Yani Kızarmış Sebzeler Artık Sizin İçin İyi mi?

  1. Beslenme bilimi onlarca yıldır kızarmış yiyeceklere karşı tavsiyelerde bulundu; sürekli olarak kızartma için kullanılan yağların birçoğunun kan kolesterolünü yükseltebileceğini ve arterlerin tıkanabileceğini ve hepsinin belinize katabileceğini belirtti.

  2. Tüm yanıltıcı manşetlere rağmen, yeni çalışma bunların hiçbirini değiştirmiyor. Araştırmacıların kanıtlamaya çalıştığı şey bu bile değil.

  3. Araştırmacılar, her bir pişirme yönteminde besin maddelerinin - özellikle de fenoller - eklendiğini, kaybolduğunu veya arttırıldığını anlamak istedi. Fenoller hakkında çok fazla konuşmayız, ancak bunlar önemli besinlerdir. Doğal olarak, birçok sebzeye özgü antioksidanlar oluştururlar. Sebzelerin tadına katkıda bulunurlar ve sağlıklarını destekleyebilirler. Örneğin, kekik içinde bulunan fenol timol, antiseptik özelliklere sahiptir. Acılı ve biberlerde bulunan Kapsaisin, ağrı kesici olarak kullanılabilir. Fenoller de kanser önleyici özellikleri için çalışılmıştır.

  4. Daha Fazla Bilgi: Polifenoller Gut Sağlığına Yardım Edebilir

  5. Çalışma, zeytinyağında sote edilmiş yiyeceklerin, ham formda bulunmayan fenollere sahip olduğunu gösterdi - çünkü zeytinyağından fenolleri kızartma ve sote etme gibi fenolleri topladılar ve böylece Gıdaların antioksidan kapasitesi yağda hazırlandıklarında arttı.

  6. Çalışmanın kendisi korkunç derecede kafa karıştırıcı değil, sadece erişimi sınırlı. Bununla birlikte, çalışma hakkında yayınlanan öykülerden çoğu, kızartmanın iyi olduğunu düşünerek okuyucuları yanlış yönlendirdi.

  7. “Bu bilgilerin nasıl iletildiği konusunda endişeliyim” diyor Las Vegas merkezli diyetisyen Andy Bellatti, MS, RD İlk önce, çalışmanın sadece dört sebzeyi kapsadığını - patates, domates, patlıcan ve kabak. İlk ikisi, ortalama Amerikan diyetinin fikstürü olsa da, dördü bir araya getirmeden, çoğumuz marul ve brokoli gibi birçok yeşil sebzeyi içerecek olan “sebze” kategorisini oluşturmaz.

  8. İkincisi, çoğu rapor "kızartma" ile "sote" arasında ayrım yapamıyor. Bunlar değiştirilebilir terimler değildir.

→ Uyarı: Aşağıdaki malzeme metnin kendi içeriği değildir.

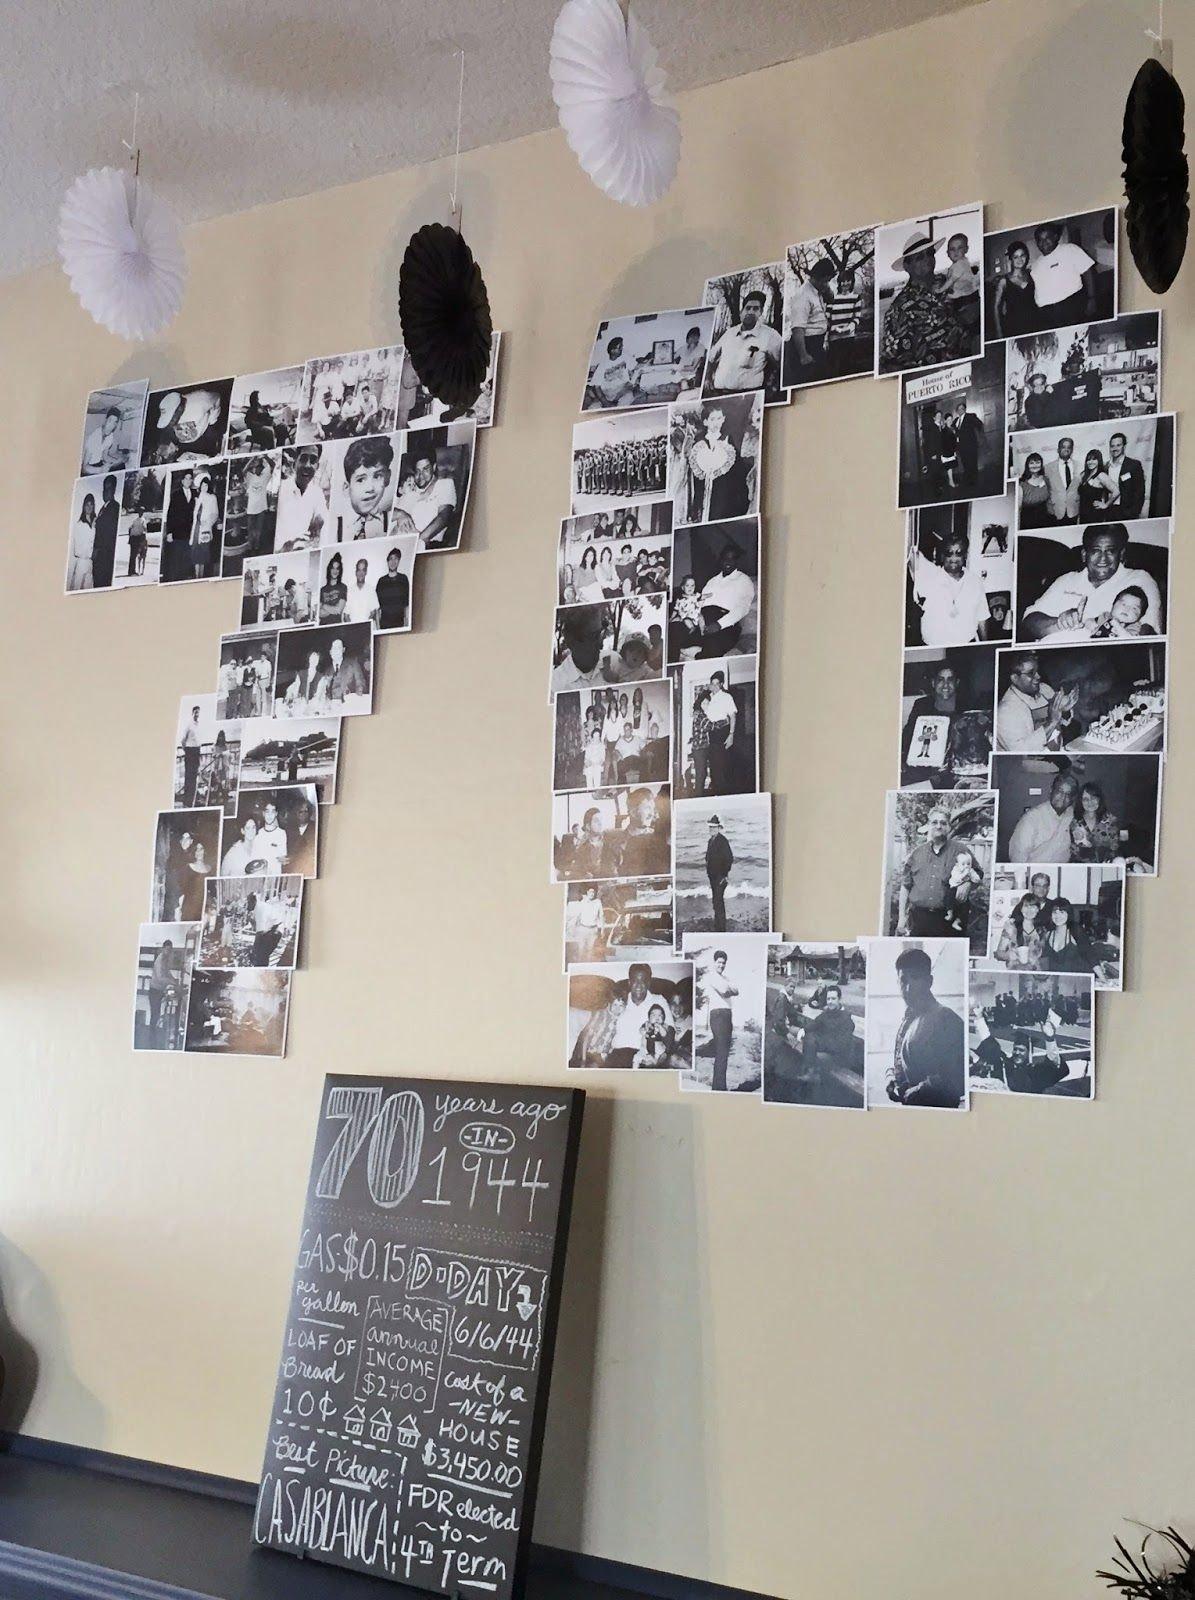 milestone birthday: planning my dad's 70th birthday party | big

  9. “Kızartma, sebzenin yağa batırılarak pişirildiği bir yöntemdir” diyor Toby Amidor, M.S., R.D., beslenme uzmanı ve "The Greek Yogurt Kitchen" yazarı. Buna karşılık, sote etme, az miktarda yağda pişirme anlamına gelir. Aynı zamanda, genellikle çabuk pişirmeyi, hafif pişmiş bir yiyecekle sonuçlanmayı gerektirir. Kızartma, yiyeceğin daha fazla yağ emmesini sağlayarak çok daha uzun sürebilir. Ayrıca, derin kızartma, bu yağın düşük bir duman noktasına sahip olması nedeniyle, sızma zeytinyağı ile iyi olmayan daha yüksek bir pişirme sıcaklığı anlamına gelir.

Çalışmanın Kapsamına Girmeyenler

  1. Çalışmadan özellikle yoksun - ve onu kapsayan çoğu rapor - pişirme yönteminin çoğu sebze için en sağlıklı olduğu anlaşılıyor: buğulaması.

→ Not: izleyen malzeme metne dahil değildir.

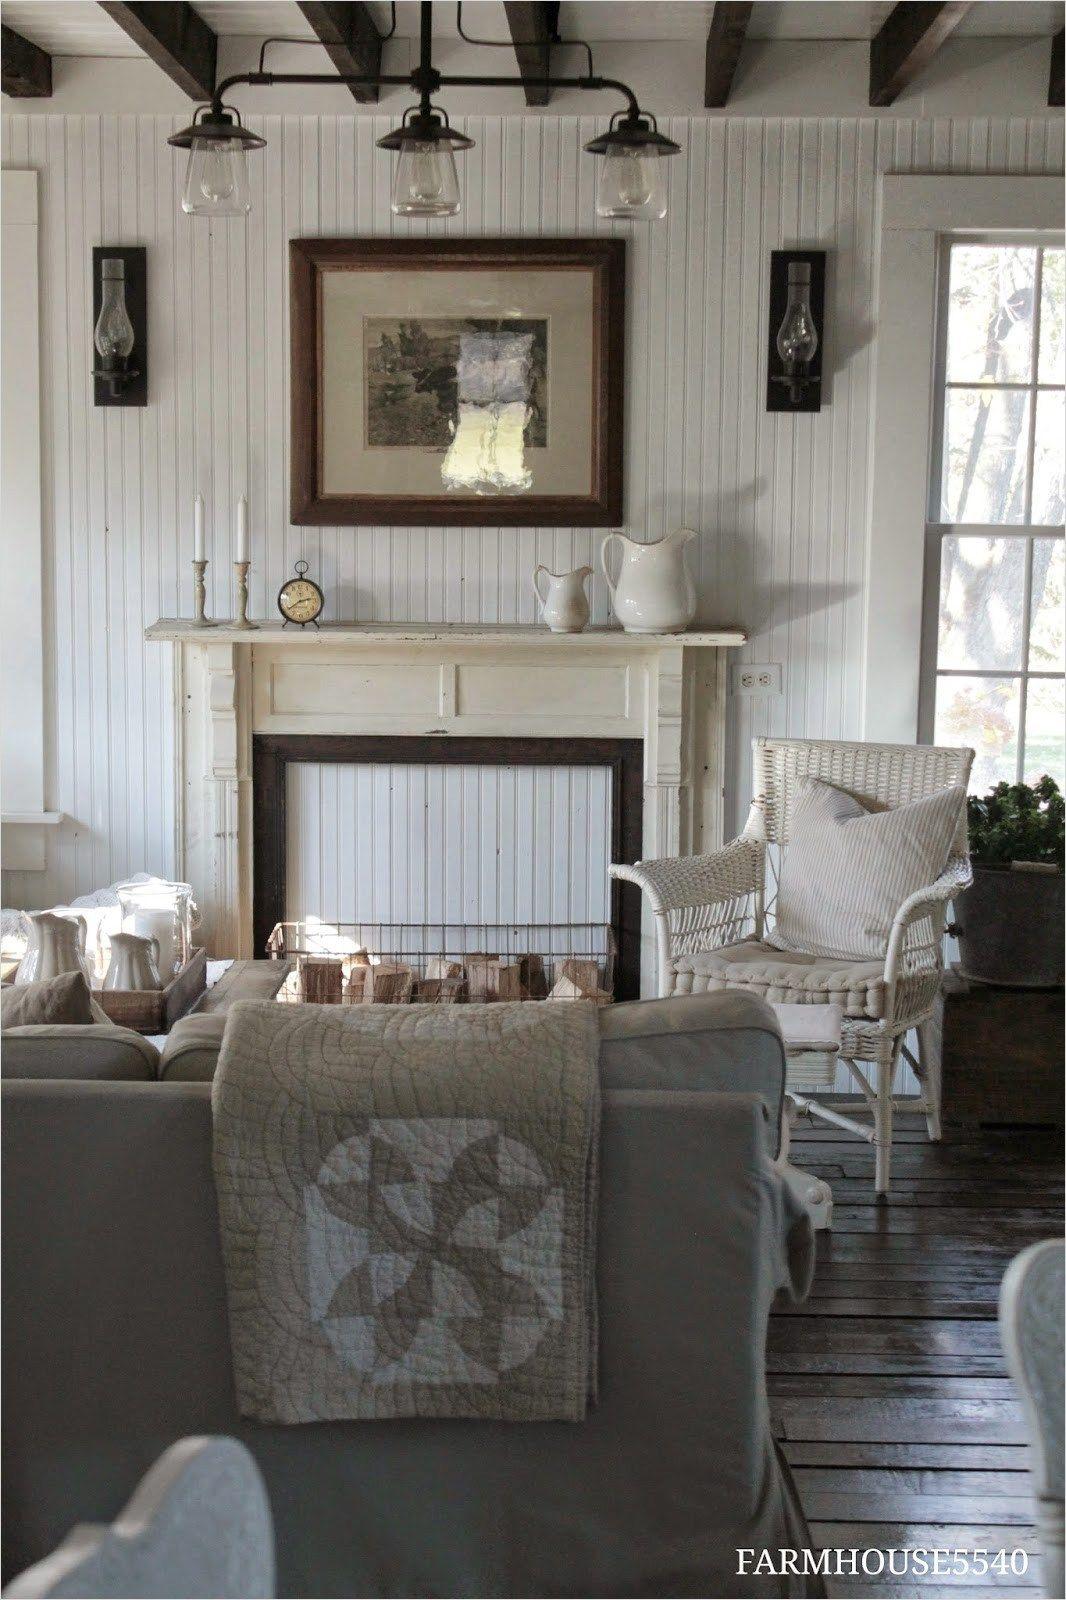 Romantic Living Room: 54 Cozy Farmhouse Romantic Living Room Ideas

  2. Önceki çalışmalar sebzelerin buğulama (ve kaynatma) sebzelerinin yumuşamalarına ve parçalanmalarına yardımcı olduğunu, besinlerinin çiğ olduklarından daha kolay sindirilmelerini sağladığını gösteriyor. Ve havuç, kabak (kabak) ve brokoli gibi diğer sebzelere odaklanan araştırmalar, kızartmanın onların kızarma ve buharlamadan daha az besin ve antioksidan bulundurmalarına neden olduğunu buldu.

  3. Yeni çalışma, sote sebzelerin antioksidan kapasitesini artırmasına rağmen, zeytinyağının istenmeyen ve gereksiz yağları ilave ederken, kalori içeriklerini de arttırdığını belirtti.

Paket Servis

  1. En son sağlık haberlerini takip etmek faydalı olsa da, bir çalışmanın sizin için çalışan diyet alışkanlıklarını değiştirmesine izin vermeyin.

  2. Sebzelerinizi şu anda buharda pişiriyorsanız, bunu değiştirmek için hiçbir neden yoktur. Onları kızartmayı tercih ediyorsanız, yerine sote etmeyi deneyin. 2015 USDA Beslenme Kuralları, zeytinyağı gibi sağlıklı yağların miktarını sınırlamazken, bu tür yağların pişmiş sebzelerden en iyi şekilde yararlanmaları gerekli değildir. Bellatti, “Sebzelerle bir miktar yağ yemek, maksimum besinler ve antioksidan emilimi için önemlidir” diyor. “Ancak bu aynı zamanda avokado, fındık ve tohum gibi sağlıklı yağlarla birlikte çiğ veya buharda pişmiş sebzeler içeren bir öğün yiyerek de sağlanabilir.”